Site Reliability Engineer DWS Ohio

Kyndryl•Columbus, OH

13h•Onsite

About The Position

At Kyndryl, we run and reimagine the mission-critical technology systems that drive advantage for the world’s leading businesses. We are at the heart of progress; with proven expertise and a continuous flow of AI-powered insight, enabling smarter decisions, faster innovation, and a lasting competitive edge. For our people—Kyndryls—that means doing purposeful work that powers human progress. Join us and experience a flexible, supportive environment where your well-being is prioritized and your potential can thrive. Join us as a Site Reliability Engineer (SRE) and embark on an exciting journey of ensuring reliability, resiliency, and innovation in our information systems and ecosystems. As an SRE at Kyndryl, you'll be at the forefront of driving continuous improvement and delivering exceptional service to our customers. Your role goes beyond traditional engineering, as you'll have the opportunity to analyze business needs, tackle complex problems, and provide strategic advice and designs. You'll be involved in every stage of the software lifecycle, from building and testing to deploying changes and maintaining robust systems. We're looking for a true visionary who can think strategically and help shape the future of our services. Your expertise in building trusted relationships with customers and partnering with them for success will be instrumental in driving our growth. As an SRE, you'll have the unique opportunity to work on end-to-end services, spanning customer sites and platforms.
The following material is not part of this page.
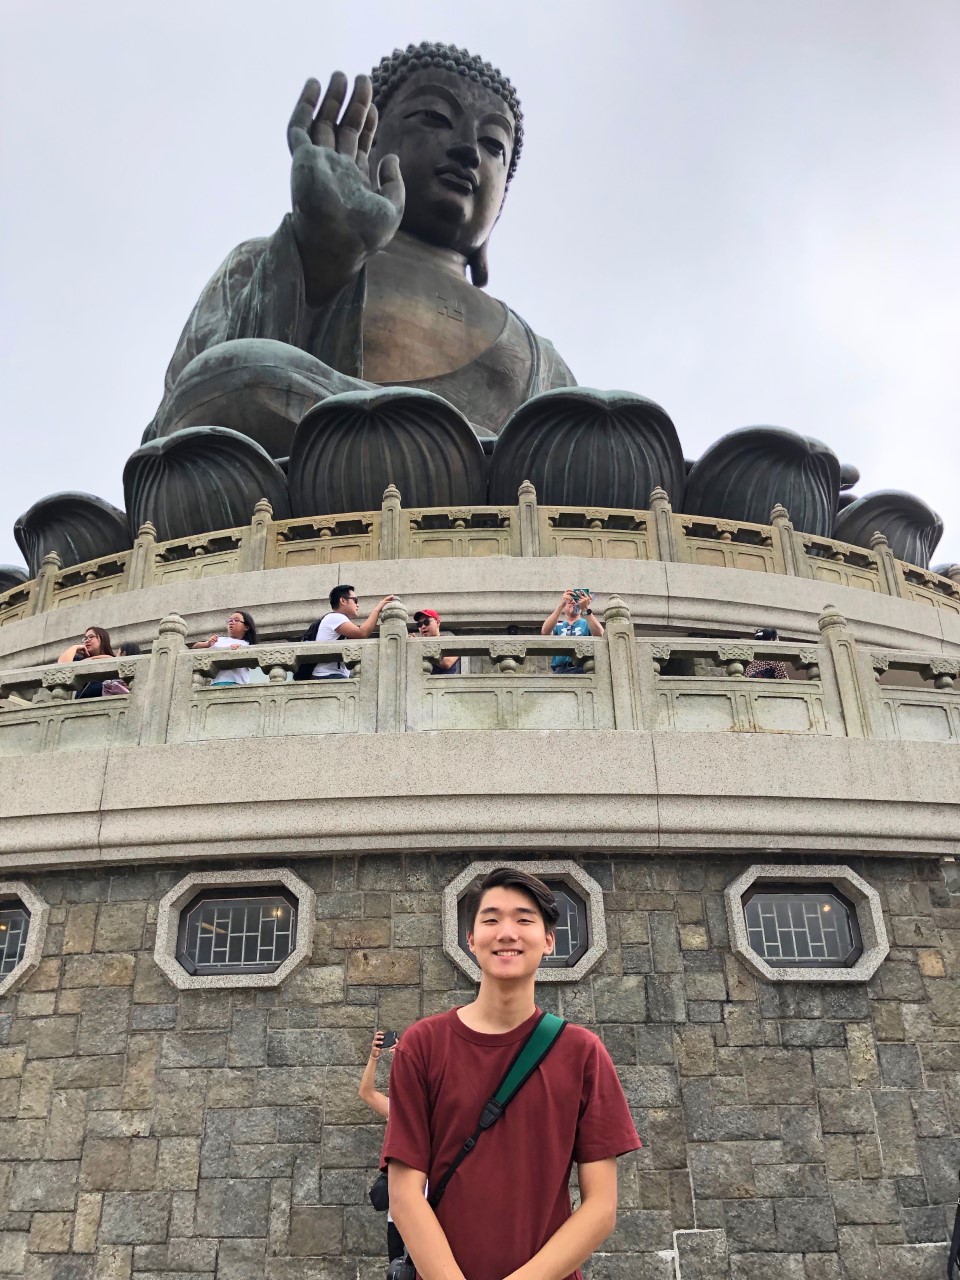 A young Asian male stands in front of a large statue of Buddha

Collaboration and proactivity are key as you work alongside a talented team of professionals, eager to make a difference. You'll embrace an entrepreneurial mindset, taking ownership of your responsibilities and constantly seeking innovative solutions. With an unwavering focus on quality, robustness, and security, you'll be a driving force in implementing cutting-edge tools that enhance our operations, improve reliability, and gather valuable feedback on our platforms. Your ability to identify and mitigate common operational issues will play a crucial role in delivering seamless experiences to our customers. If you're passionate about pushing the boundaries of technology, thrive in a collaborative environment, and are motivated by the opportunity to shape the future of reliability engineering, then we want to hear from you. Join our team and be part of a dynamic and forward-thinking organization that values innovation and excellence in everything we do.

Requirements

Must be in Ohio / Client Facing
10+ years of experience in operational management, including incident management and escalations
Experience with design and implementation of application monitoring to ensure reliability and performance meets or exceeds business goals
Experience implementing strategies to cap operations load and to handle overflow using appropriate tooling and metrics; defining service level indicators and objectives in collaboration with stakeholders, business, development, DevSecOps and Operations teams
Solution and design experience in an enterprise environment: Windows server, Linux server (RHEL is preferred), UNIX (AIX, Solaris), Windows server, storage, and Hyperscaler Cloud (AWS, Azure, Google Cloud Platform); public cloud platforms such as AWS, OpenShift, Azure or GCP
Experience working with Data format and Scripting languages JSON, YAML, Bash and/or PowerShell

Nice To Haves

BS degree in Computer Science, Engineering, or other highly technical, scientific discipline
Expertise with Ansible, Terraform, and Python
Experience with distributed technologies as well as dynamic resource management frameworks such as Kubernetes
Expertise in leveraging open-source tooling such as Prometheus, Grafana, or Loki

Responsibilities

Ensuring reliability, resiliency, and innovation in information systems and ecosystems.
Driving continuous improvement and delivering exceptional service to customers.
Analyzing business needs, tackling complex problems, and providing strategic advice and designs.
Involvement in all stages of the software lifecycle: building, testing, deploying changes, and maintaining robust systems.
Building trusted relationships with customers and partnering with them for success.
Working on end-to-end services, spanning customer sites and platforms.
Implementing cutting-edge tools that enhance operations, improve reliability, and gather feedback on platforms.
Identifying and mitigating common operational issues to deliver seamless customer experiences.